--- SOURCE DATA Enclosed Below ---

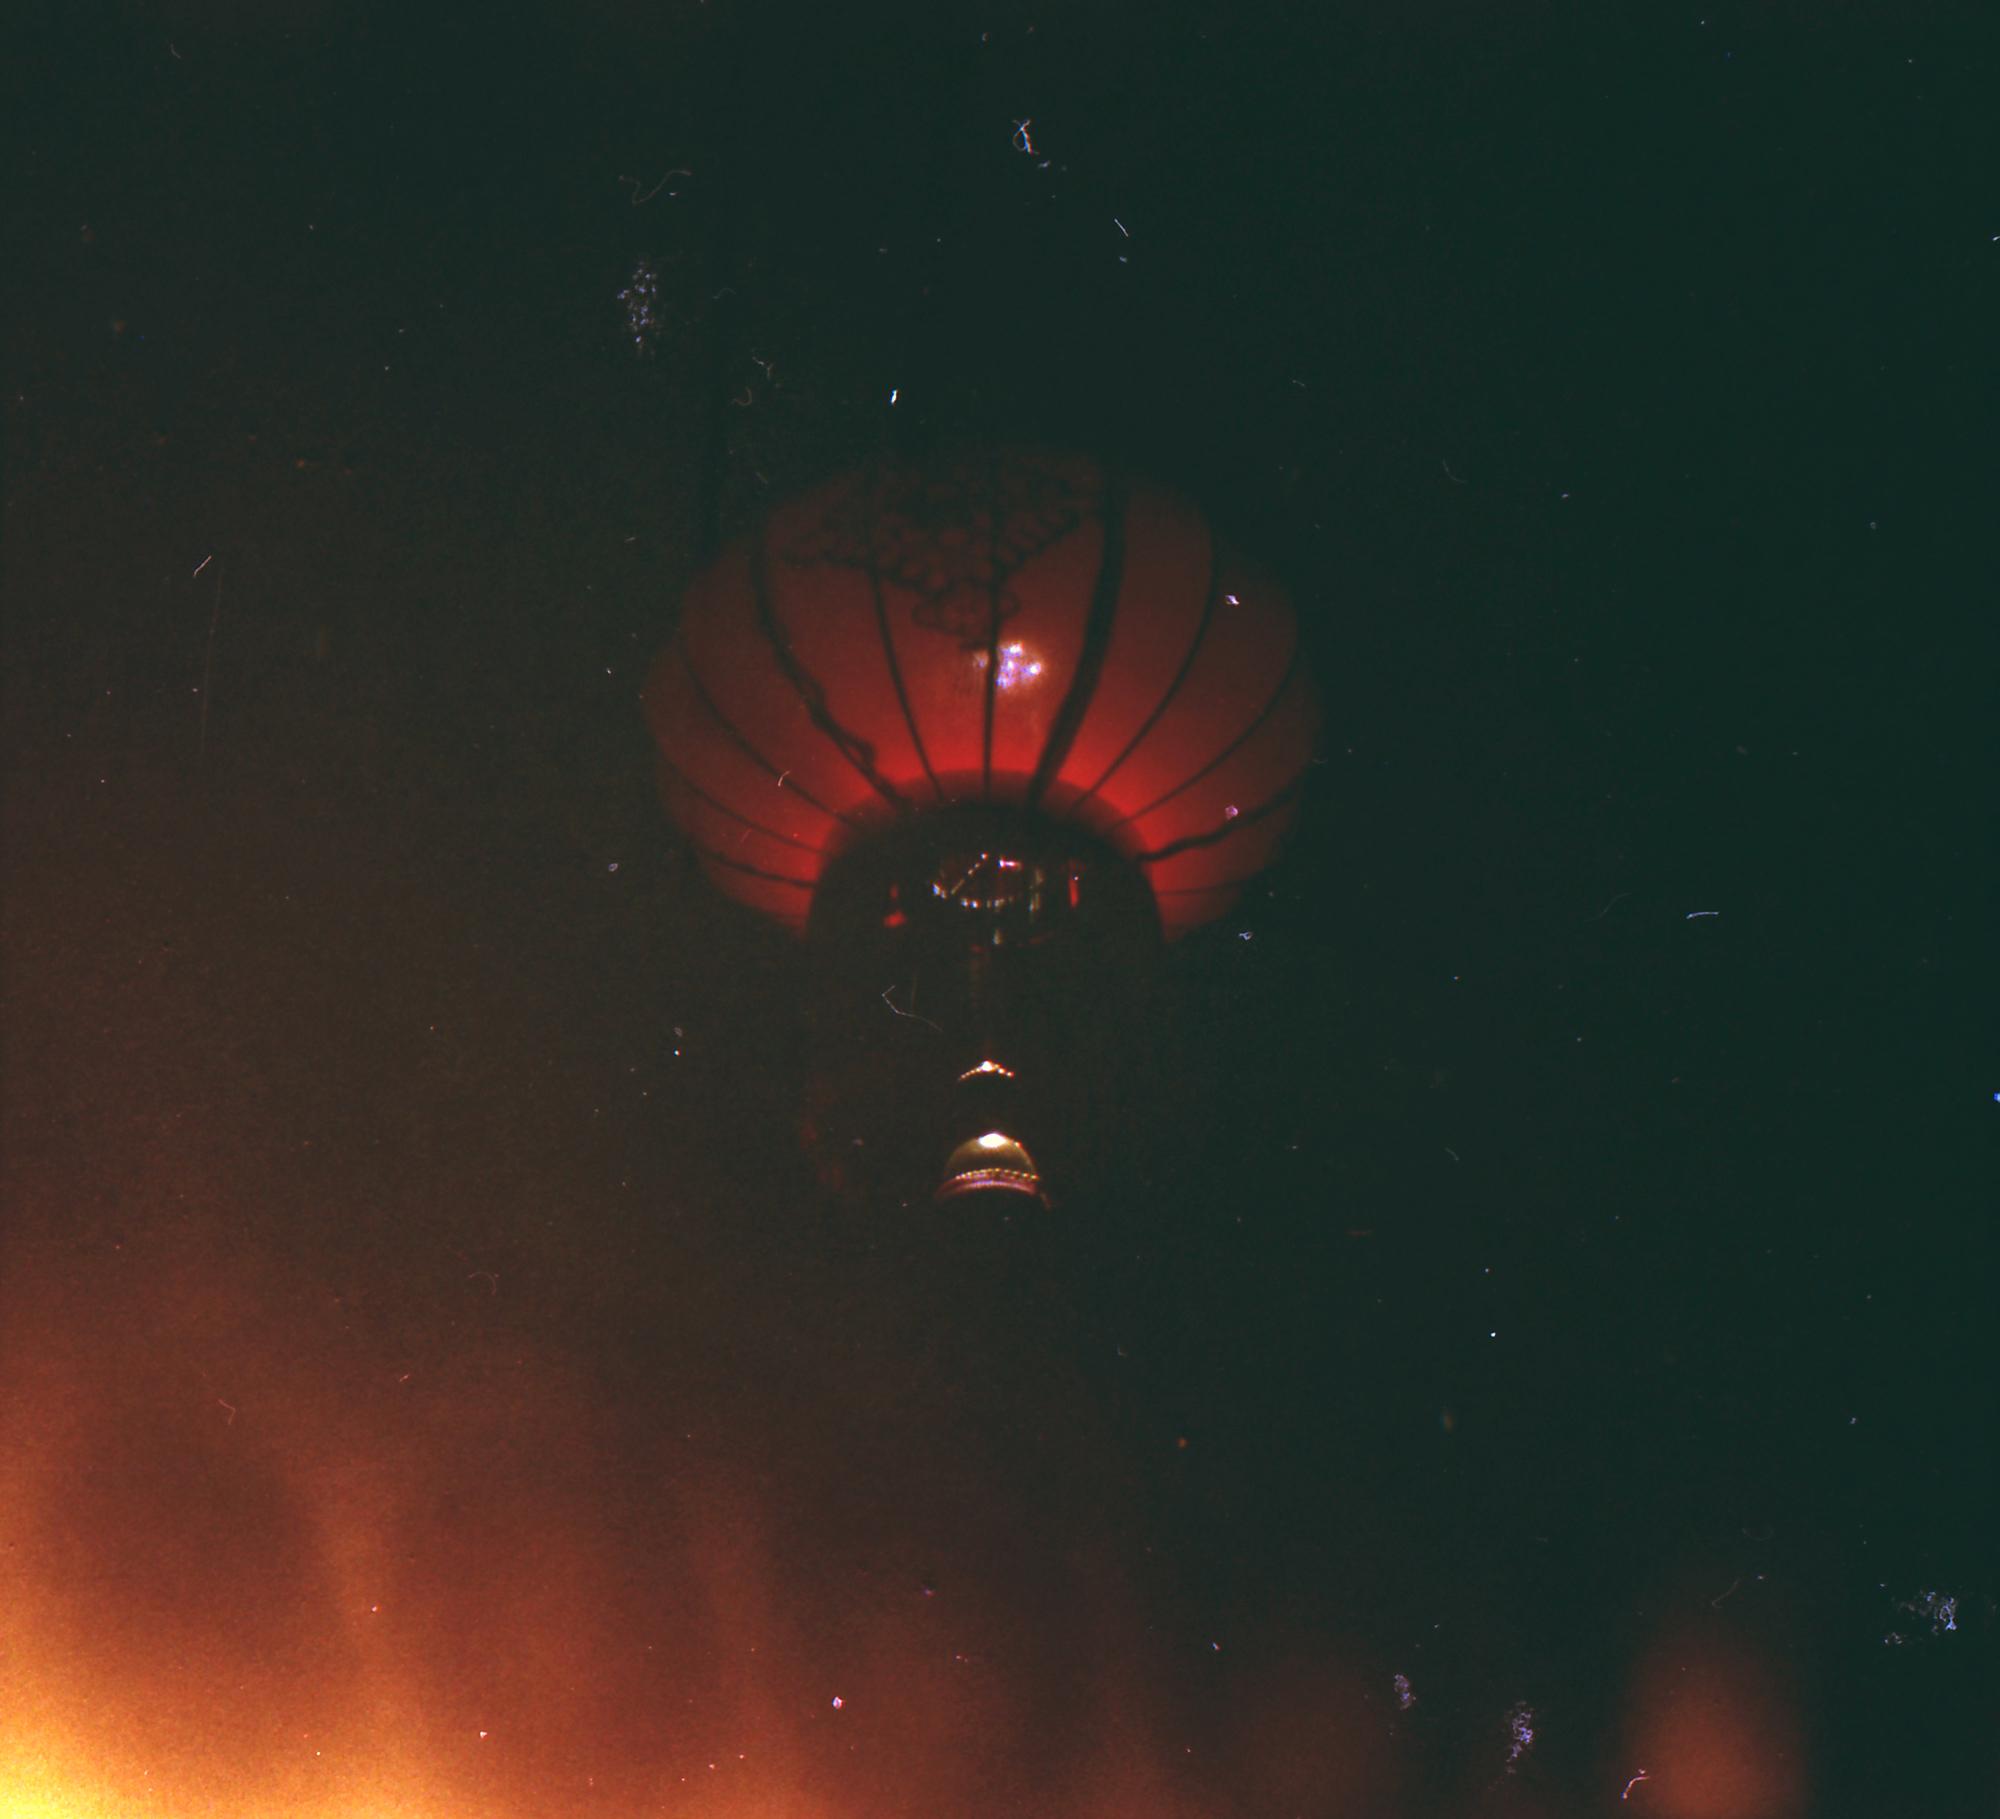 Étoile rouge - 35mm - Diana Mini - Fujifilm Superia 400
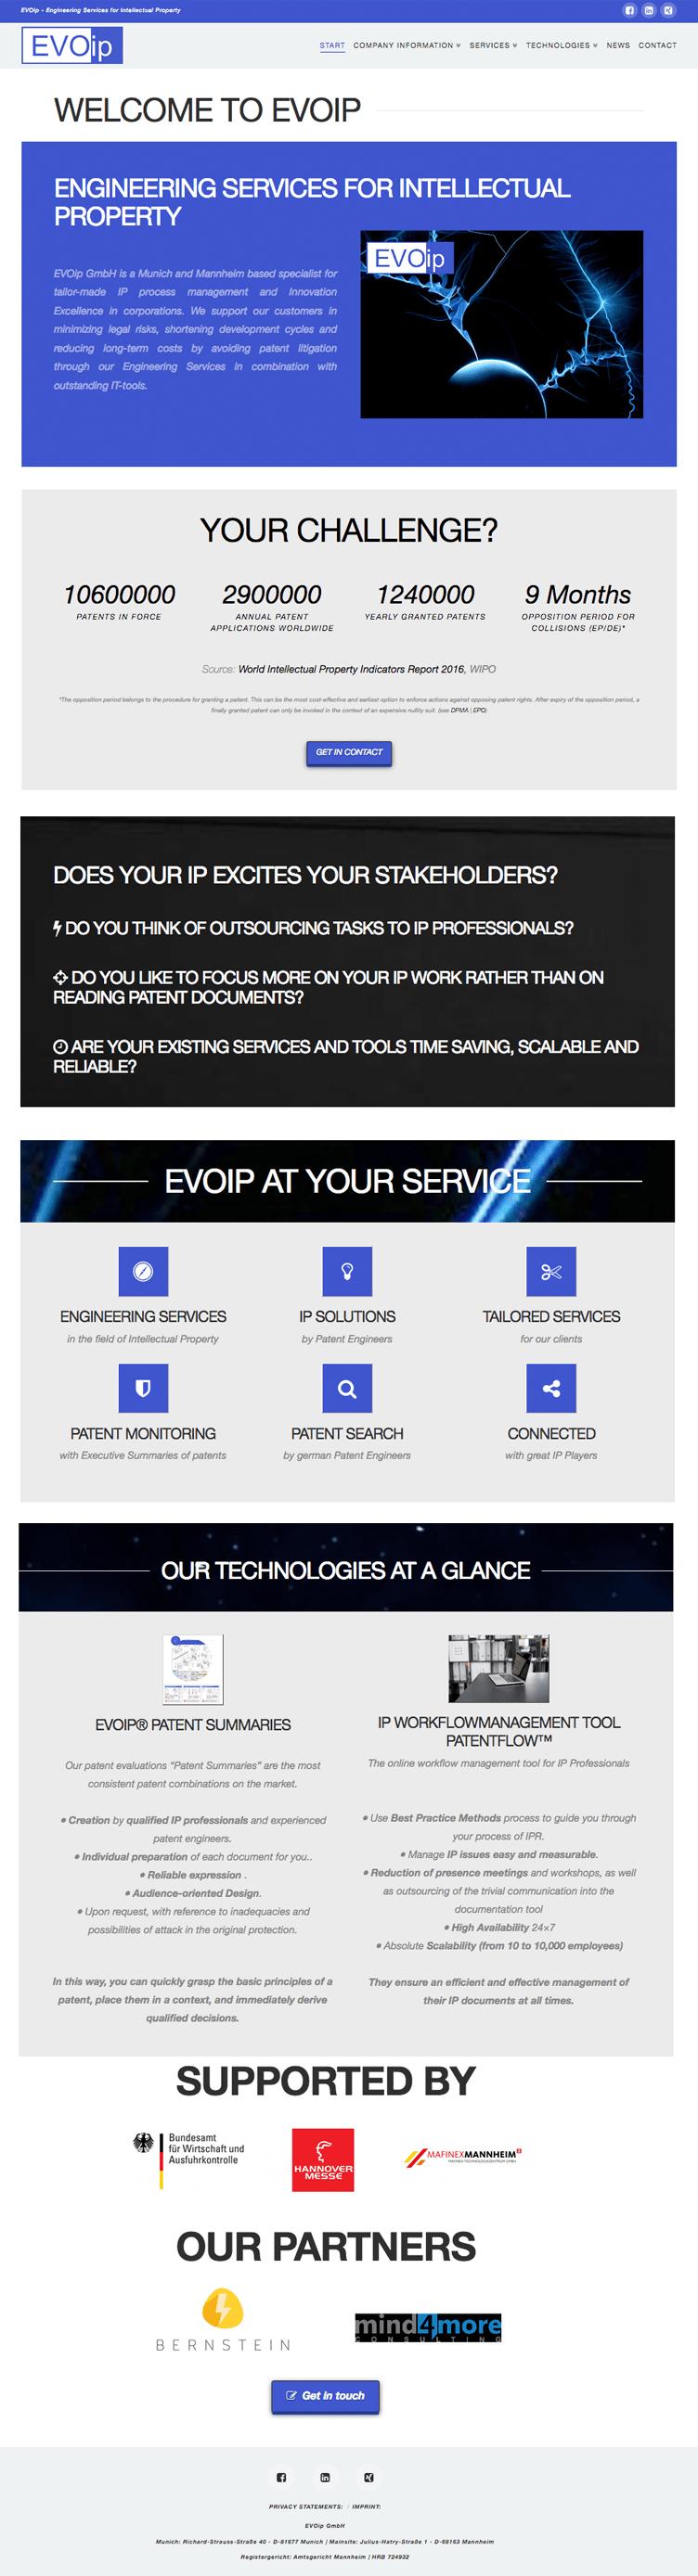 productized-service
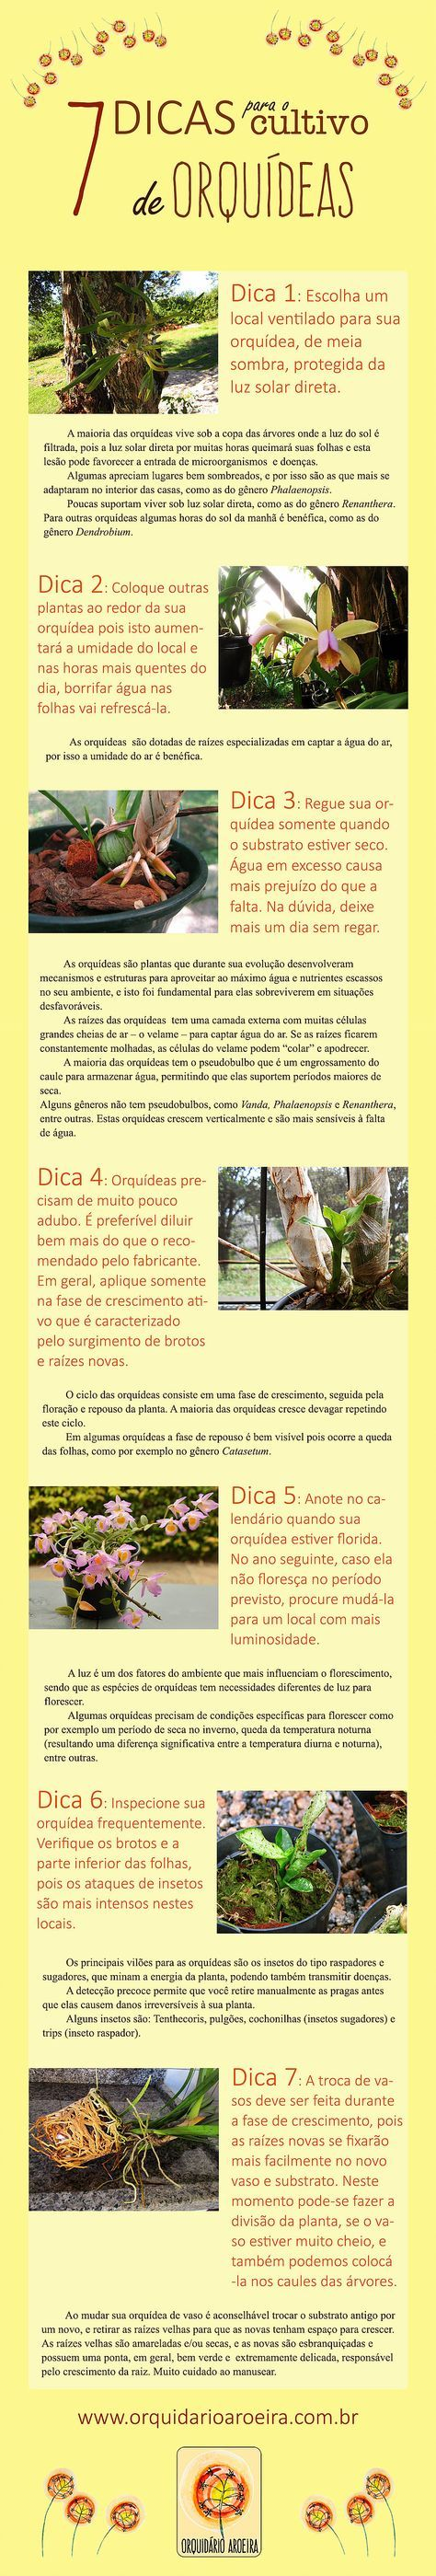 Cultivo de orquídeas … does anybody have this in English?

--- End of Enclosed SOURCE DATA ---

Exactly repeat only the lines from the one with "productized-service" to the closing line above, both included, and omit every picture.

 productized-service
 Cultivo de orquídeas … does anybody have this in English?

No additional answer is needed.